There’s also the fact that drugs are mostly a downscale problem, something that does not touch the Cloud People so they don’t care about it. The mothers in Cloud Country are not fretting about junior riding the dragon. He’s parked in front of his XBox all day, playing the female character, because he is questioning. The drug issue is mostly a Dirt People problem now. It’s blacks slinging on street corners and crackers getting loaded in an apartment complex far away from the people who run things.
That said, it is important to note the direction of the drug flow. America has never had a problem with drugs pouring in from Canada or Iceland. The flood of cheap narcotics into America starts in Mexico. When heroin had to be imported from Asia, it was not easily attainable and the quality of the product available to the poor was quite low. Now that Mexico has take over the production and distribution, heroin is suddenly cheap, potent and plentiful. This is also true of meth, which is now made in volume in Mexico.
This sort of thing does not happen in Canada because Canada is a responsible country with mostly responsible leaders. They would use the tools of the state to cripple the large scale production of narcotics. That’s not the case in Mexico, where the political class provides cover to the drug cartels and helps them violate US laws with regards to banking and border access. Putting pressure on the Mexican political class, to crack down on their narcotics trafficking and their human smuggling over the border, would have an impact on the heroin problem in the US.
Up until now, our rulers have not seen fit to put any pressure on the Mexican rulers about the drugs and human smuggling. Real countries with patriotic leaders have no tolerance for other countries protecting pirates and drug cartels on their border. They hold the leaders of those border countries accountable. Globalists have no duty to their citizens as citizenship does not exist. America’s ruling class has nothing but empathy for the Mexican ruling class and nothing but contempt for the Americans people, especially the founding stock.

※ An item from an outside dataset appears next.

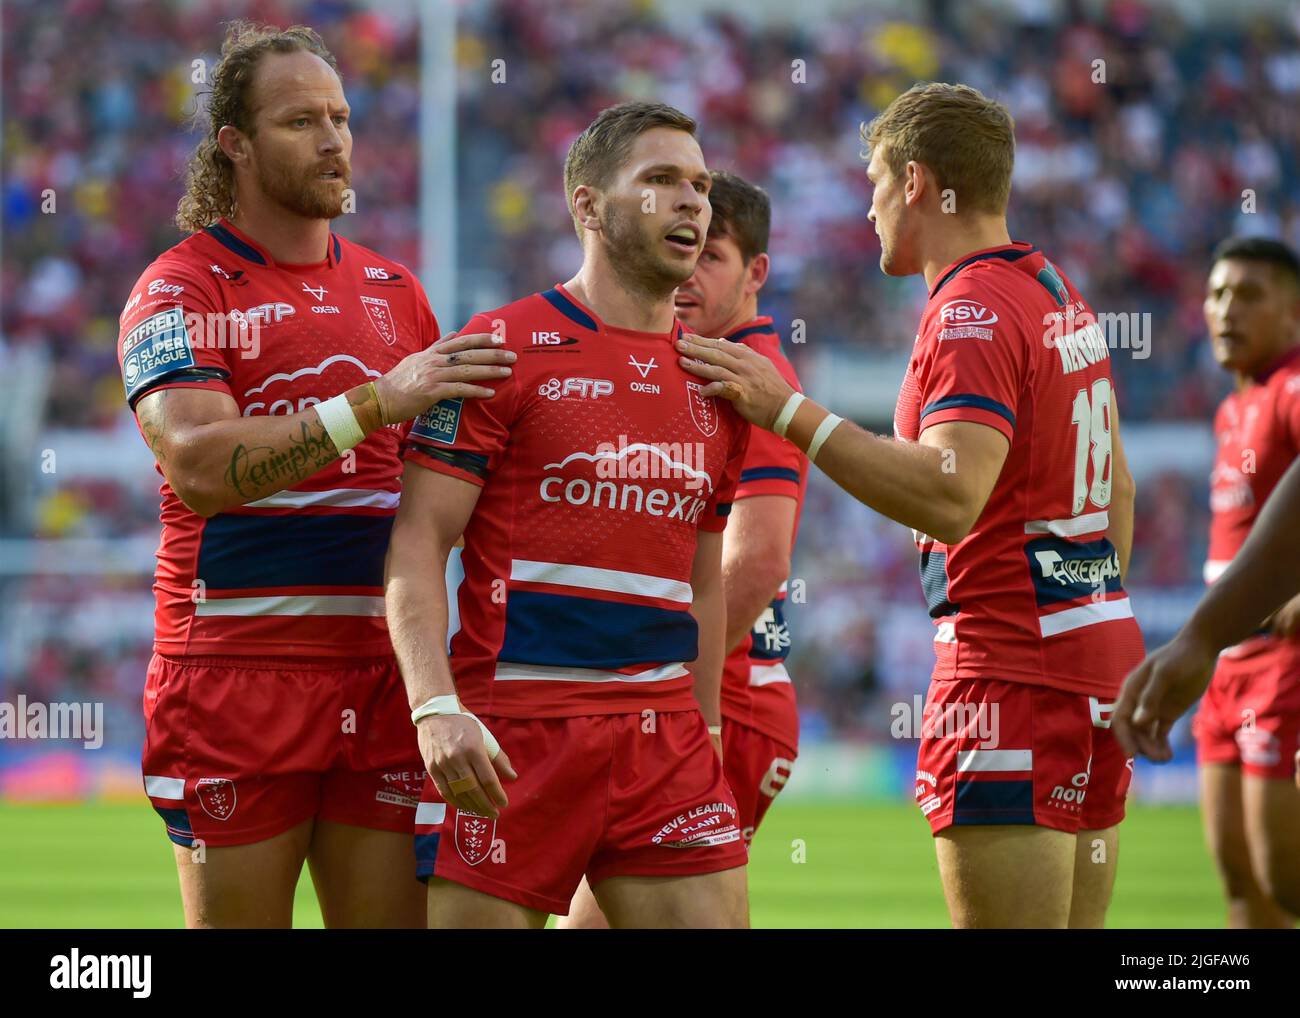 Newcastle, UK. 10th July, 2022. Matt Parcell of Hull KR scores a try Hull KR v Hull FC  Event: Magic Weekend 2022 Venue: St James Park, Newcastle, UK Date: 10th July 2022 Credit: Craig Cresswell/Alamy Live News Stock Photo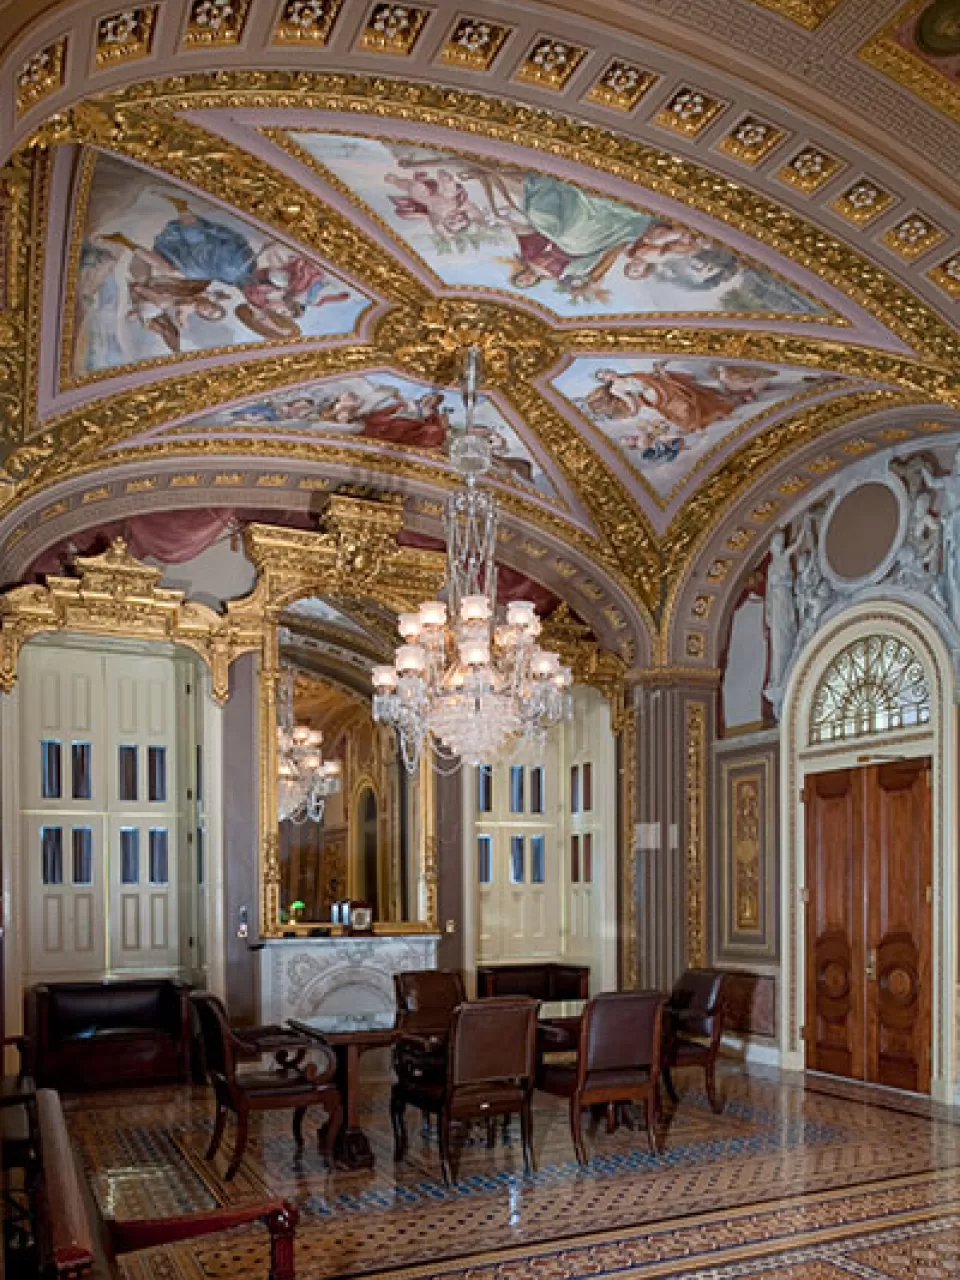 Room S-213 of the U.S. Capitol serves as the Senate Reception Room.

That may be changing as Trump is the first pro-American president we’ve had in close to three decades. Trump seems to get that the way to address the border problems, including the drugs, is to hold the Mexican elite responsible. They need America much more than America needs Mexico. If the cost of tolerating the drug cartels and human smuggling gets high enough, the Mexican government will do something about it. It can never be eradicated entirely, but it would not take much to sharply reduce the flow of drugs and people over the border.
Maybe then the White Death will begin to subside.